I might. I have a book idea running around in my head that I've been trying to get down on paper. This would be a good excuse to go through with it.


----------



## ChibiJaime (Jul 22, 2007)

Pretty much my thoughts on it, too. I've got a lot of ideas and I sometimes lack the wherewithal to do it.

I figure if I give myself a deadline, it'll help me actually put my mind to it and write.


----------



## IanKeith (Jul 22, 2007)

I always join and never finish, my best result only being about 3,000 words... :/


----------



## M. LeRenard (Jul 22, 2007)

I've heard of this elsewhere.  Doesn't really appeal to me, as right now I'm concentrating on my one major project (88,000 words and counting!) and so have very few other ideas.  It might be fun, though, trying to belt out 100 some-odd pages in a month.


----------



## ChibiJaime (Jul 22, 2007)

M. Le Renard said:
			
		

> I've heard of this elsewhere.  Doesn't really appeal to me, as right now I'm concentrating on my one major project (88,000 words and counting!) and so have very few other ideas.  It might be fun, though, trying to belt out 100 some-odd pages in a month.



Wow, you've got a lot more spunk than I do these days. I've been trying to get started for weeks (on a separate project, mind) and I find I just can't concentrate sometimes. I've got the ideas, I've got the determination to get it done... but I keep getting distracted. Which is why I feel having a deadline might help.

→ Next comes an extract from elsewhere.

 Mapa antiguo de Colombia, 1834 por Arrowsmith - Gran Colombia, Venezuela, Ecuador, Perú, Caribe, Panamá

Any helpful hints, maybe? :3


----------



## koutoni (Jul 23, 2007)

[size=medium]i'd love to be able to push myself to do it (it's November, yeah?), just to be able to say "hey, i wrote a novel!  stick that in yer pipe and smoke it!"[/size]


----------



## DarkMeW (Jul 23, 2007)

I was planning on to, but I planned on doing the last two and something always seems to come up that's more important.


----------



## M. LeRenard (Jul 23, 2007)

> Any helpful hints, maybe? :3


Ummmm.....
I treat writing like a job, actually, since I do hope to make money off of it sometime.  So, like with any job, I make sure I fill my quota for the day before I do other things (a quota being, for me, at the very least 2 pages).  Then just stick with it, and eventually you get into the habit of doing it, and you've got a novel by the end of the year, so long as you don't keep making excuses not to write.  And don't worry about getting it right the first time, because you won't; just concentrate on getting the ideas onto paper, then fix everything later.
It's borrowed wisdom from Stephen King and some other people who wrote books on writing, but it's worked for me.

This kind of thing would be where a writing section would come in handy, _desu ne_?


----------



## ChibiJaime (Jul 23, 2007)

I'll definitely keep those ideas in mind.

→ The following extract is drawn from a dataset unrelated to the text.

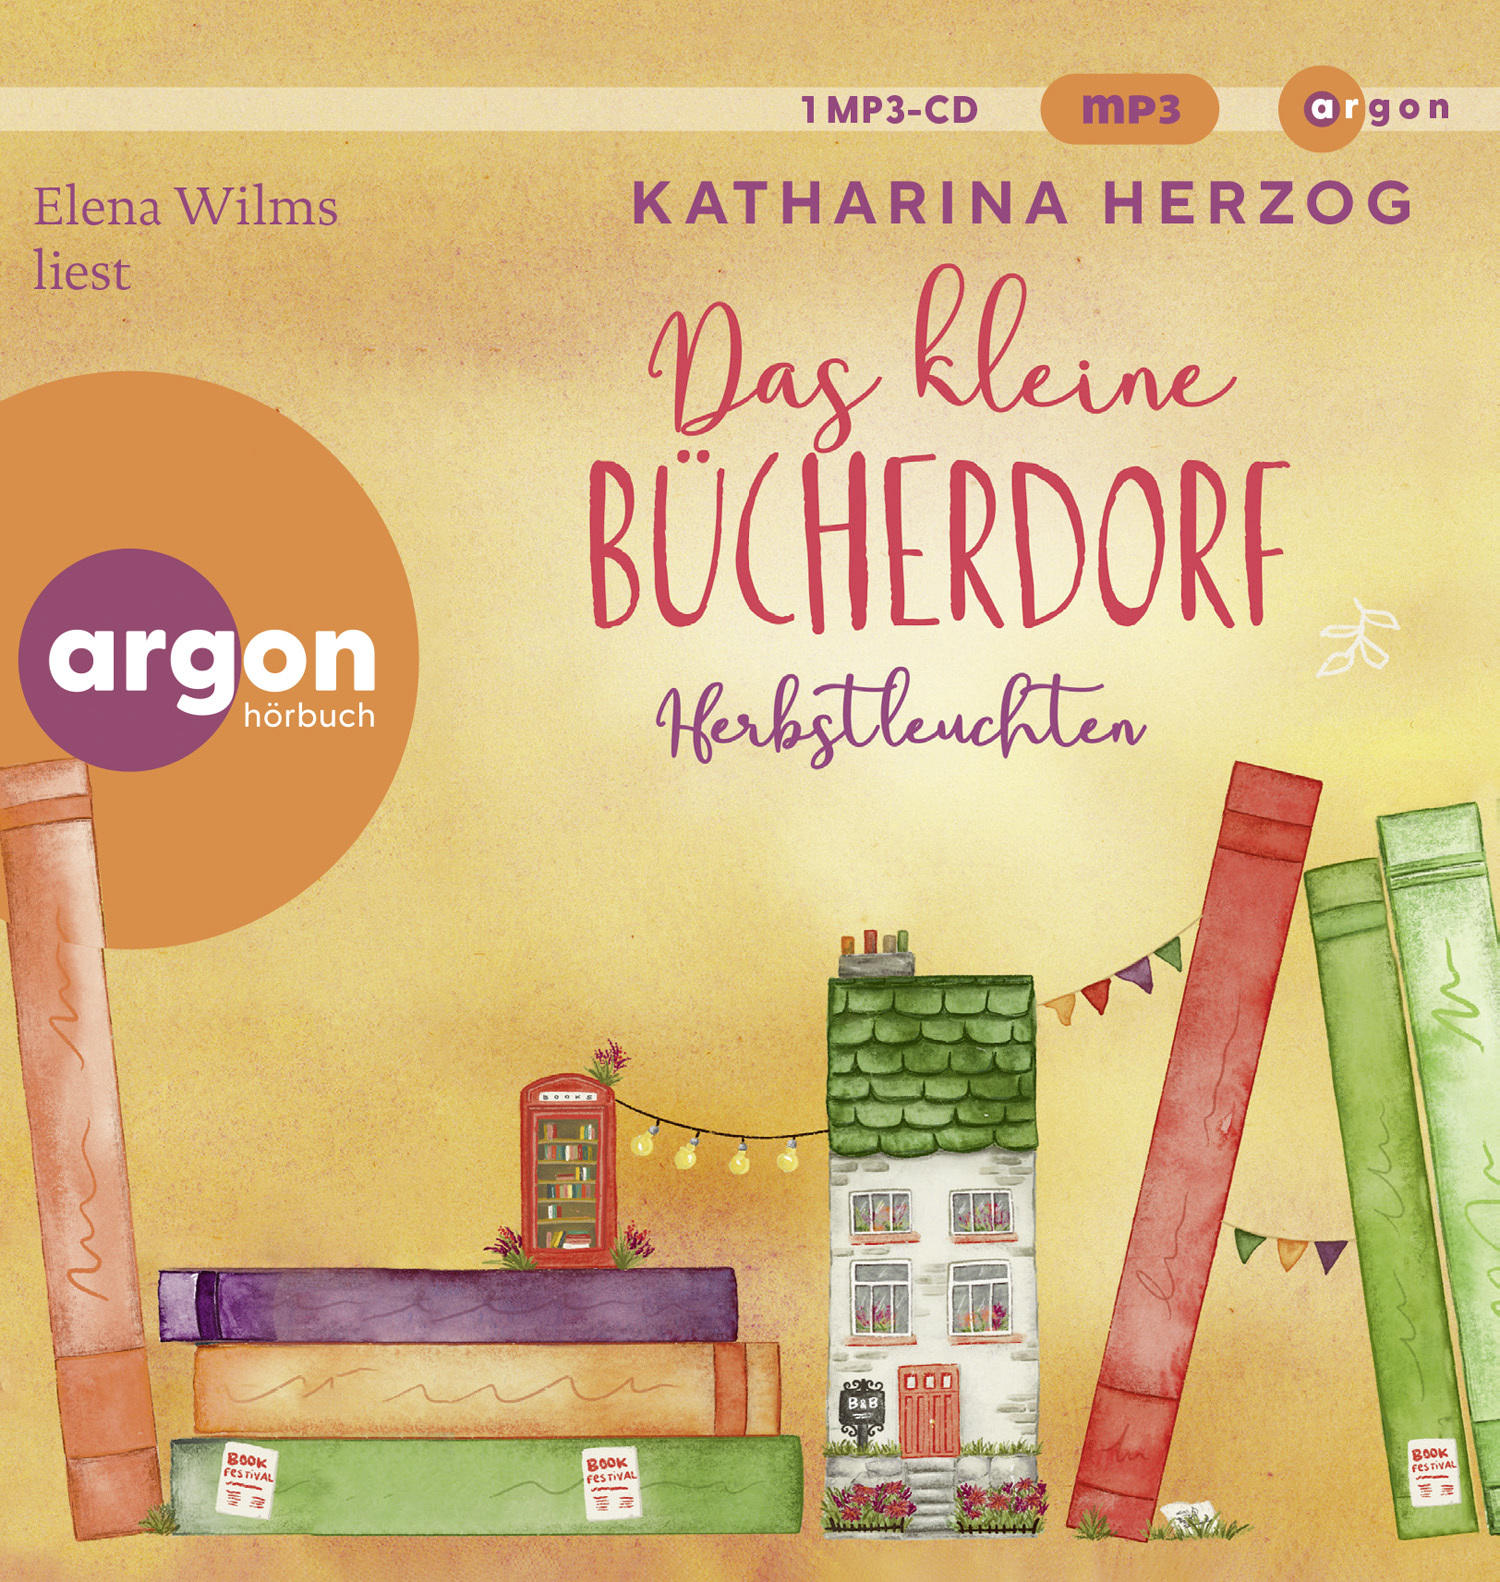 kleine Wilms (MP3-CD) - Elena Herbstleuchten - Bücherdorf: Das

And I so agree on the writing section. I noticed it was discussed in suggestions, but the thread got buried and nothing came of it. And it was older than I've been here. :/


----------



## themocaw (Jul 23, 2007)

I tried last year.  Tried and failed


----------



## ChibiJaime (Jul 23, 2007)

themocaw said:
			
		

> I tried last year.  Tried and failed



Awh. Maybe try again? I picked up the "No Plot? No Problem!" book today, and it's got some good tips and tricks.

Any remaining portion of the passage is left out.